Joint leader of Sweden’s Green Party announces resignation

Märta Stenevi, the embattled leader of Sweden's Green Party, has said she is resigning to focus on her mental health, her children and her partner.

Joint leader of Sweden's Green Party announces resignation

The decision comes less than three weeks after Stenevi took an indefinite period of sick leave, saying that she needed time to recover after a bruising period that saw the party launch an internal investigation into complaints about her management style.

There has also been extensive press coverage over the alleged conflict she has with Daniel Hellden, the man chosen as the party’s other leader at a conference in November. 

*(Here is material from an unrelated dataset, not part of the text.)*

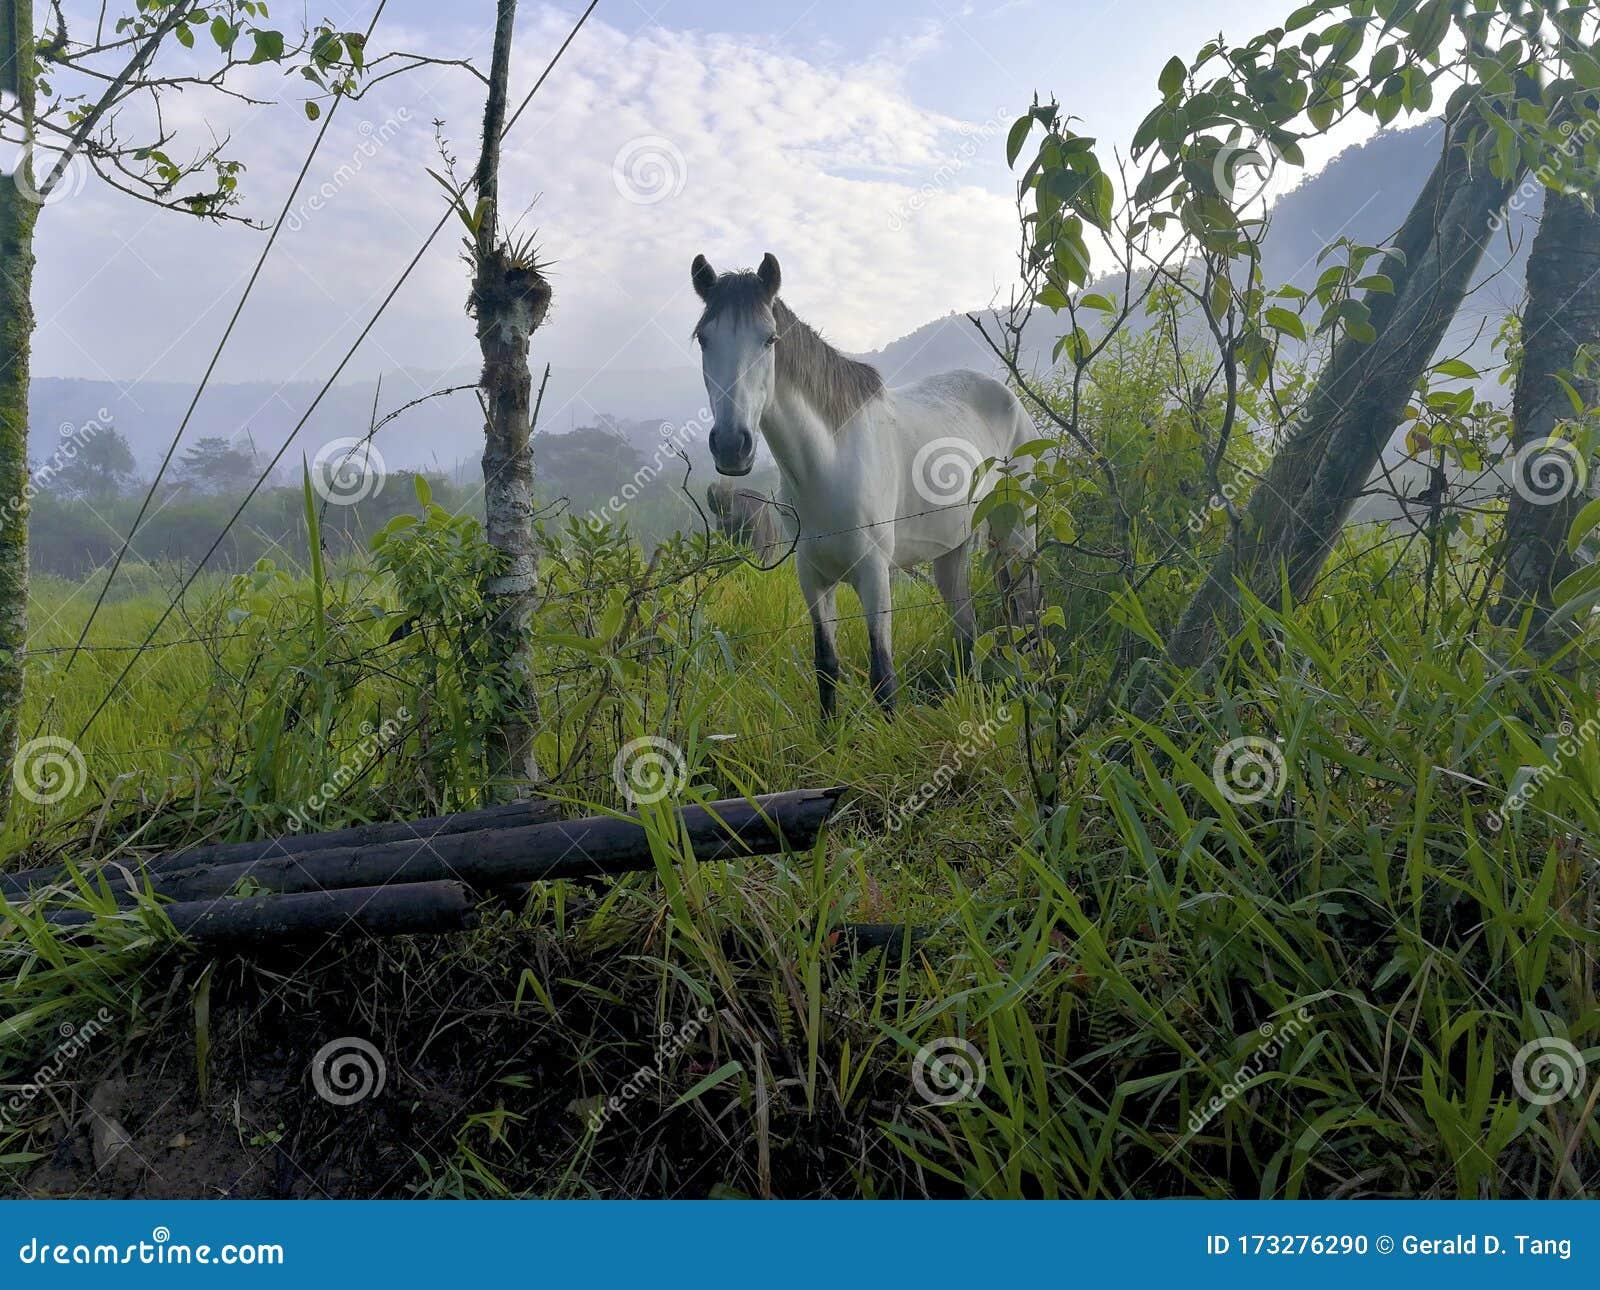 Horse Head On 835132 Stock Photo Image Of Livestock 173276290
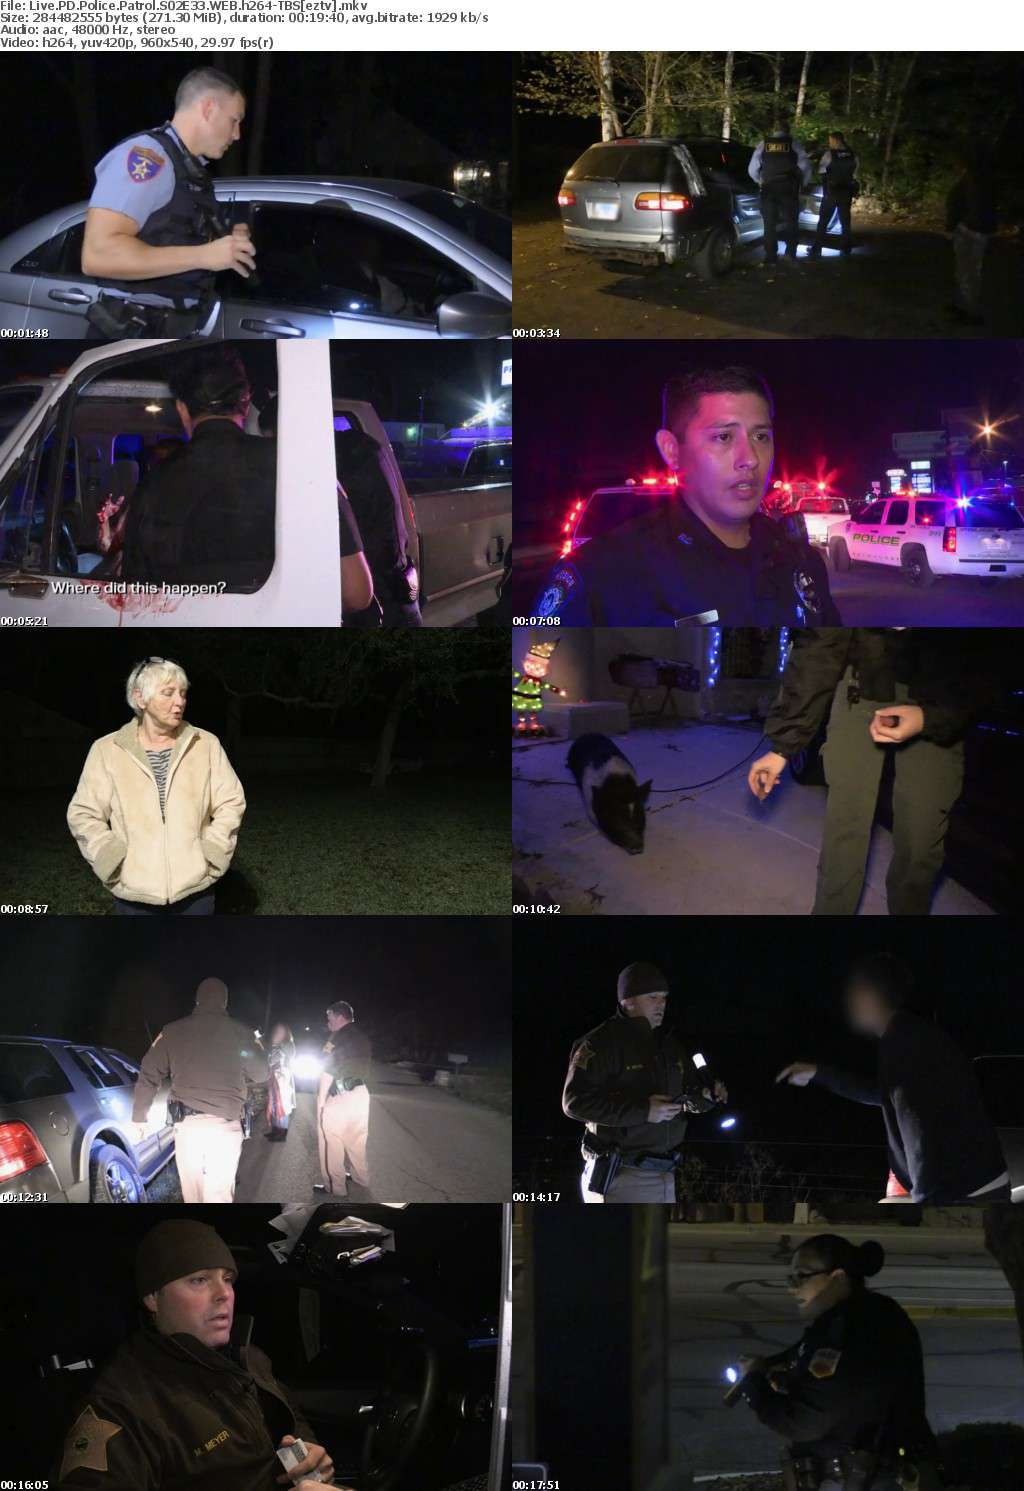 Live PD Police Patrol S02E33 WEB h264-TBS

“This is a very difficult decision,” Stenevi told the Aftonbladet newspaper. “I put myself forward for reelection and received a renewed mandate from the congress, but I don’t believe I can be my best self right now and I don’t really know how long it will take to get back on my feet.”

“The party deserves better than to be in some kind of limbo, where one of the spokespeople [as the party calls its leaders] cannot fully carry out the role. And I need to focus on getting better again, being a good mum and a pleasant partner.”  

Writing on Instagram, Stenevi’s joint leader Daniel Helldén said that he was sorry to see Stenevi go. 

“I have respect for her decision, but personally I think it’s a real shame. I have very much enjoyed working together with Märtha,” he said. 

Stenevi said that the leaks to the media about complaints about her management style in the autumn had been difficult for her to handle. 

“It put me under enormous pressure. It wasn’t the media attention: I understand that you are going to be continually criticised and investigated, but what happened in the autumn was that there was a lot of anonymous briefing, so you didn’t know who you could trust or where it was coming from, and that made it much more difficult and much more draining.” 

When Stenevi went on sick leave last month, the party’s secretary, Katrin Wissing, told TT that her relationship with Daniel Helldén had not played a role in her departure.

“On the contrary, Daniel has been giving Märta extremely good support,” she said. 

Although Stenevi is resigning as party leader, she intends to remain in parliament is an MP, and has not decided to give up her career in politics. 

“When I’m back on track, I’ll see what happens, but I don’t feel completely finished with politics,” she said. “But this is the right decision, both for me, my family and my party.”